Husband’s argument that paragraph 3 demonstrates that wife never expected to receive fifty percent of the pension husband is now receiving is not persuasive. The foregoing language refers specifically to time of payment, not to amount. The amount of payment is covered both in paragraph 13 of the PSA and in paragraph 4(a) of the QDRO, both of which state in identical language that wife is to receive fifty percent of the amount of the pension when it is in pay status. In addition, paragraph 2 of the QDRO states that the amount wife is to receive is fifty percent of husband’s “full retirement benefit.” The parties’ intent on this subject is clearly and expressly set forth in these paragraphs of the PSA and the QDRO.
Lastly, we address the remaining questions presented by husband, the admission of Glassman’s expert testimony on military pensions. The trial court admitted Glassman’s expert testimony solely for the limited purpose of informing it about the intricacies of military pension law. The trial court acted within its discretion. We, therefore, conclude the trial court did not err.
Order affirmed.
KELLY, J., files a dissenting opinion.
. 10 U.S.C. § 1408 et seq.
. Both the trial court and wife state that the QDRO cannot be part of the PSA because it is a court order which has the purpose of effectuating the pension provisions of the PSA. We acknowledge that the QDRO is required by the Plan Administrator to effectuate the distribution of husband's pension. But we do not understand why it cannot also be considered to be part of the PSA, especially when the PSA specifically refers to the QDRO and the QDRO is attached to the PSA as an exhibit. Moreover, the QDRO became part of the PSA on February 8, 1987, approximately three months before it was issued as a court order.

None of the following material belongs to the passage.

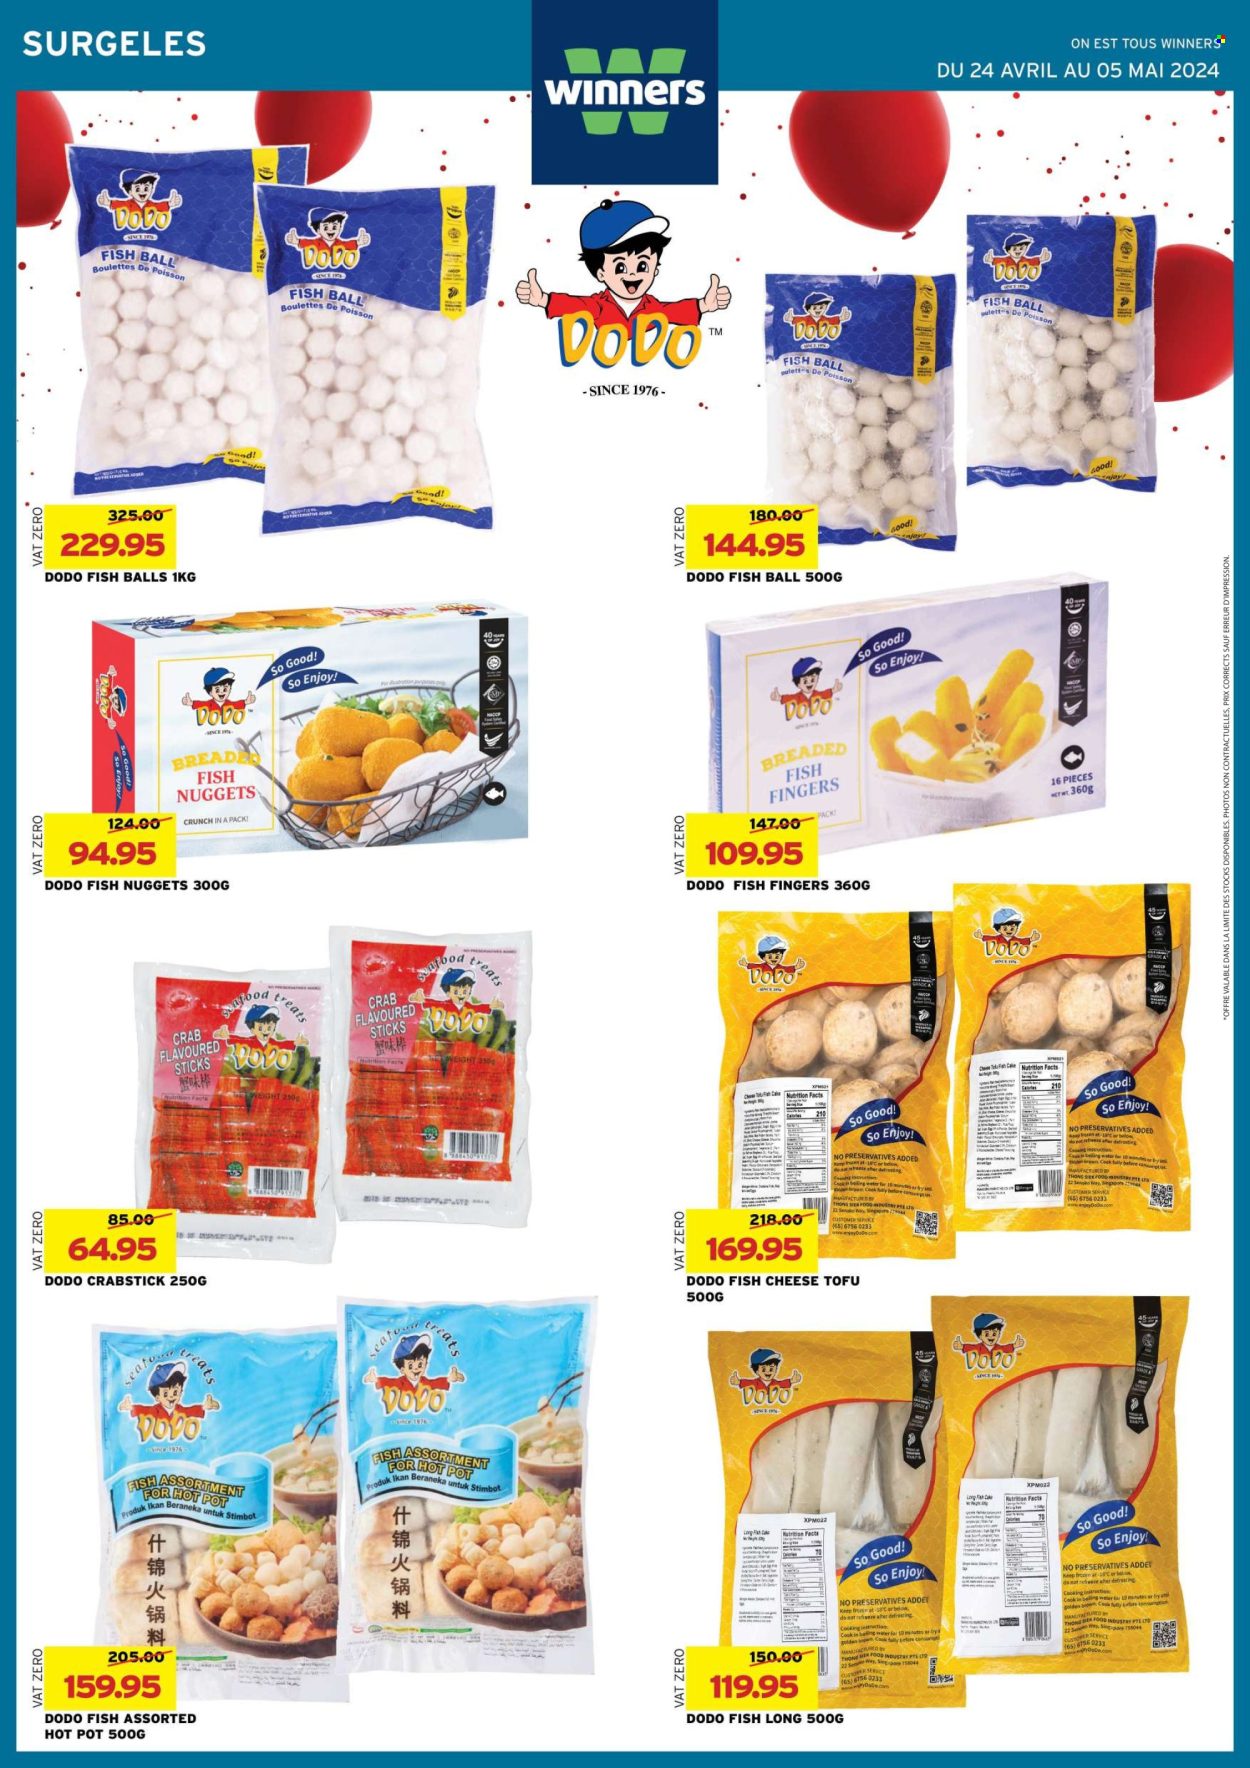 thumbnail - Winner's Catalogue - 24.04.2024 - 5.05.2024 - Sales products - cake, seafood, crab, fish nuggets, fish fingers, breaded fish, tofu, fish cake, water, pot. Page 20.

. Expert testimony taken by the trial court indicated that “pay status” is a defined term in the area of military pensions. In that context, the phrase “pay status” means "when the pension is actually being paid.” This fact is not disputed. See Krizovensky v. Krizovensky, 425 Pa.Super. 204, 624 A.2d 638 (1993) (where property settlement agreement regarding division of pension uses terms that are clearly defined within context of retirement system at issue, contract is not ambiguous as to meaning of those terms, and accepted definition is that given to those terms within context of that retirement system).